### TASK INPUT
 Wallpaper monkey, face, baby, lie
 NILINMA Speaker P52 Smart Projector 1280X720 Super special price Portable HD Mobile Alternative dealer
---
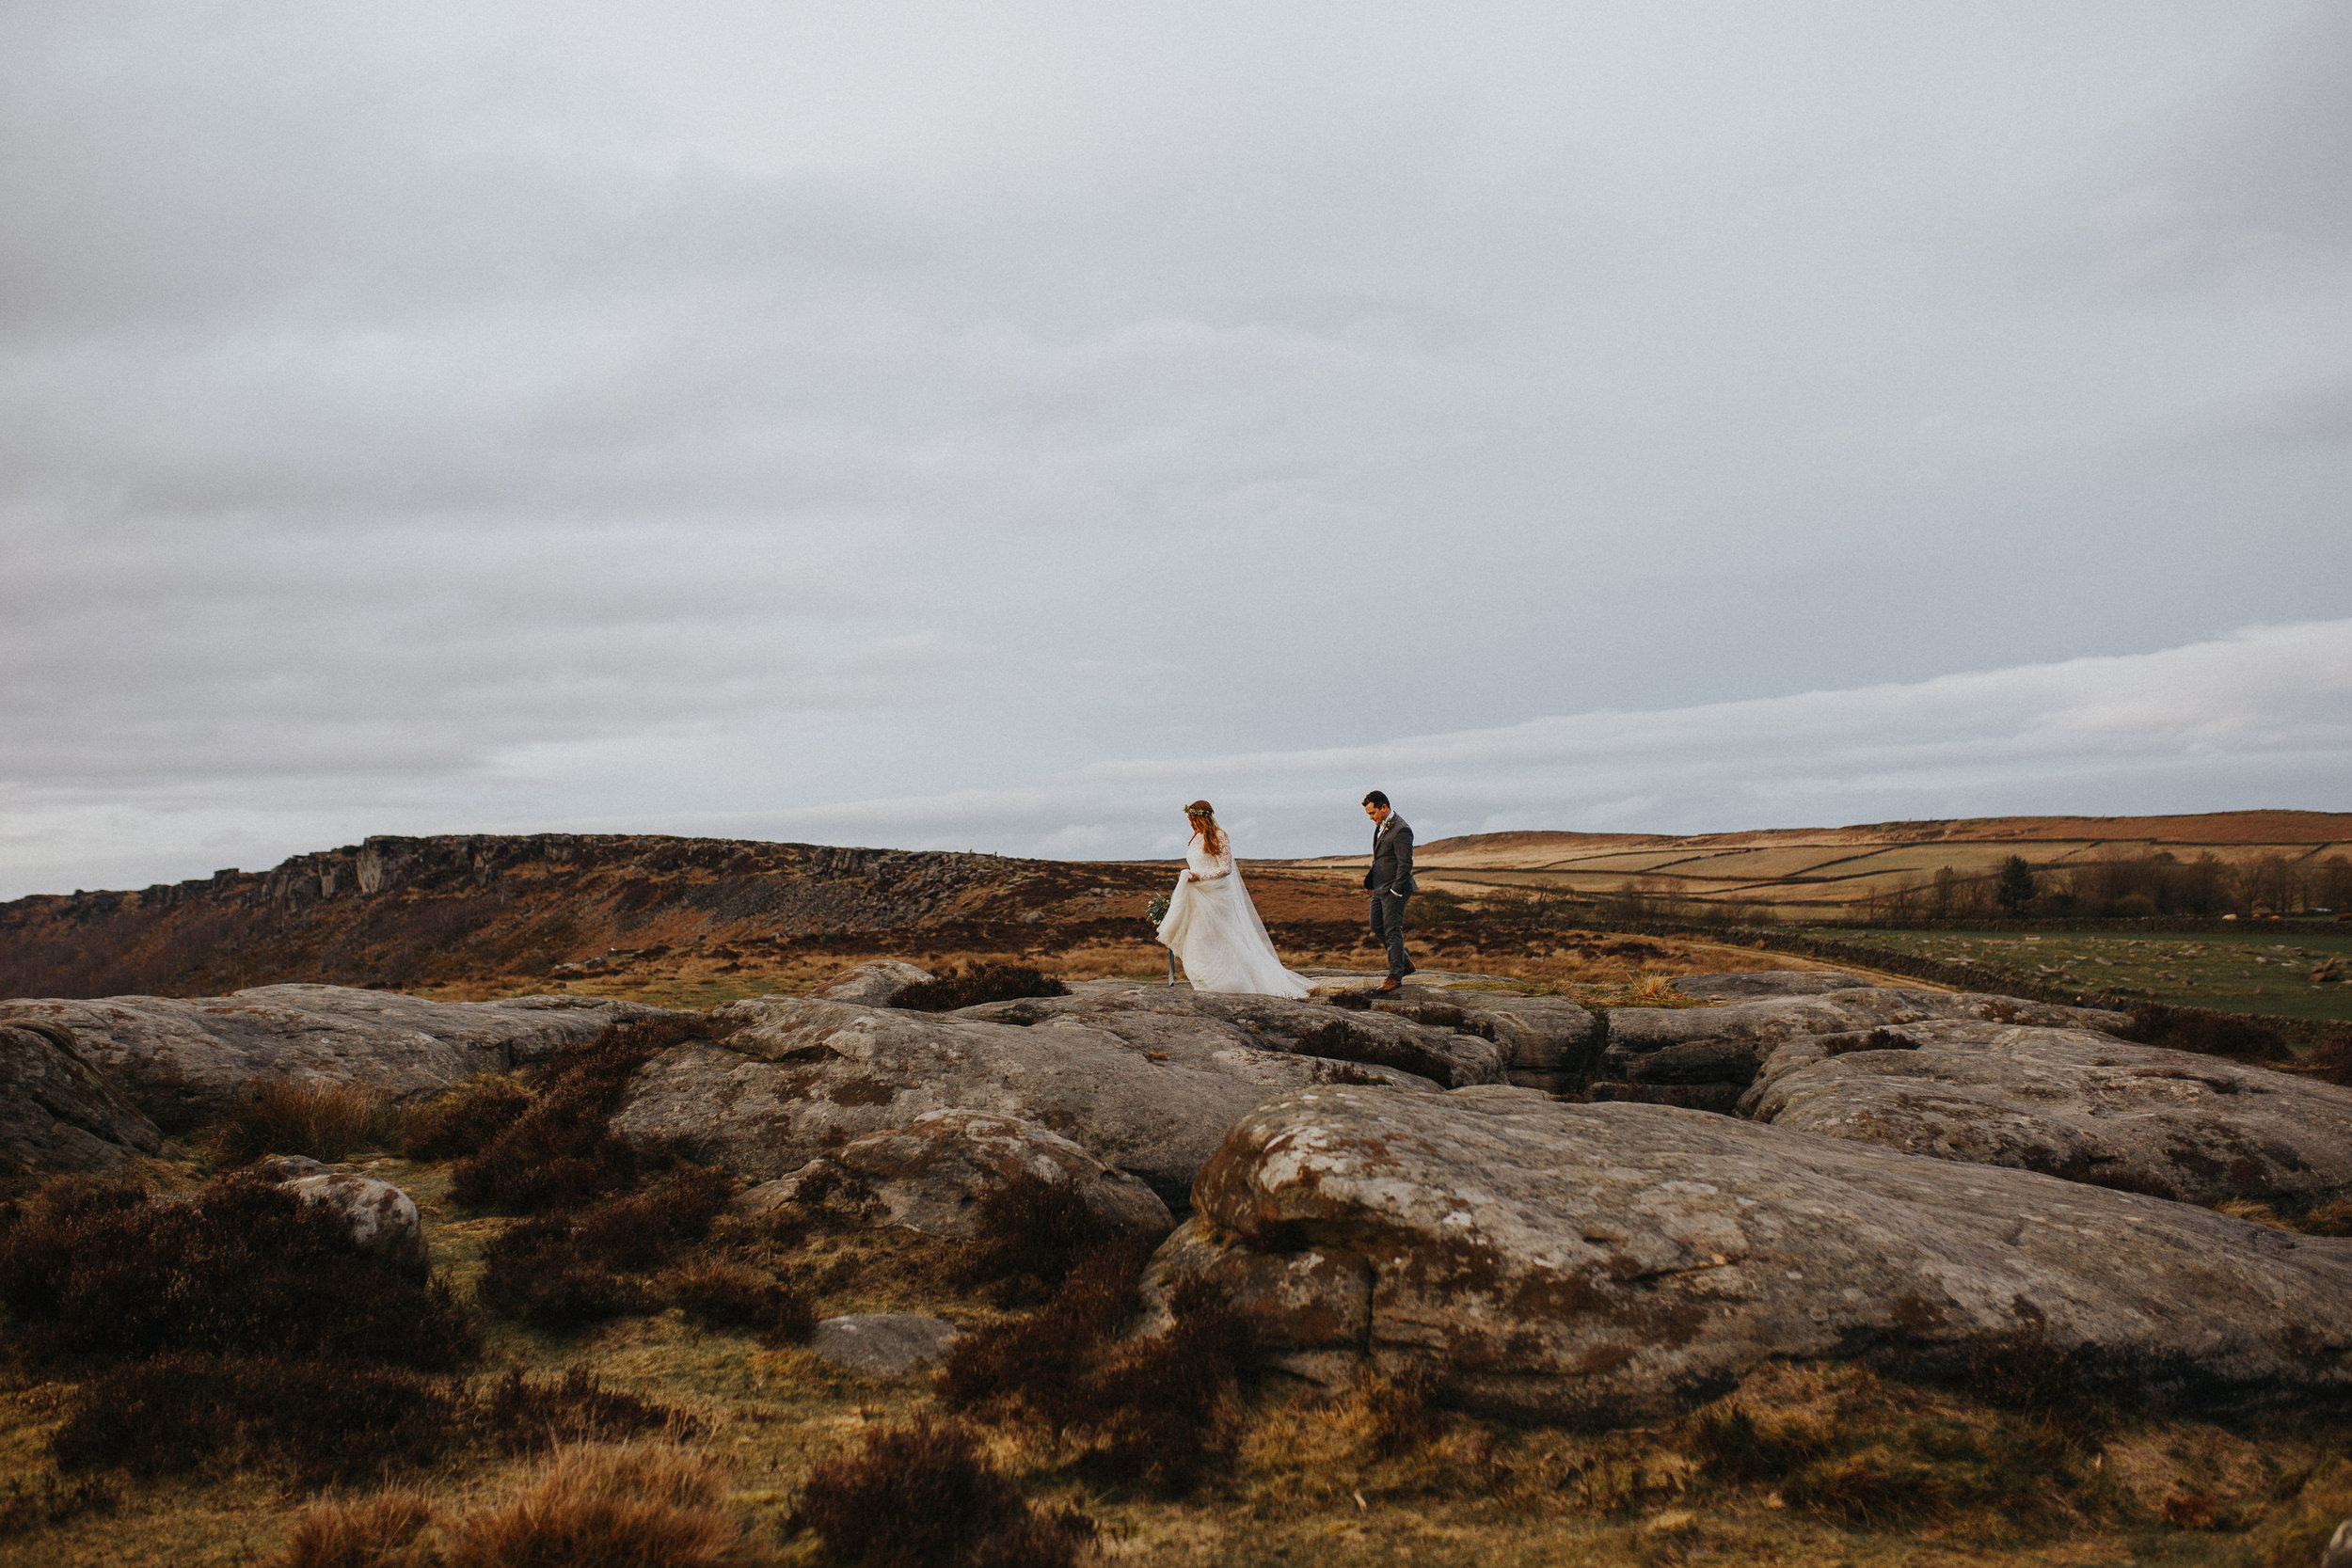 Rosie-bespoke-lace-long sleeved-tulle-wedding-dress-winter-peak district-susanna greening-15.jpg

### INSTRUCTIONS TO FOLLOW
In the listing above, start at the line with "Wallpaper monkey, face, baby, lie", go on through the line with "NILINMA Speaker P52", and copy each of those lines exactly; leave out all the rest.

### SOLUTION TO THIS TASK
 Wallpaper monkey, face, baby, lie
 NILINMA Speaker P52 Smart Projector 1280X720 Super special price Portable HD Mobile Alternative dealer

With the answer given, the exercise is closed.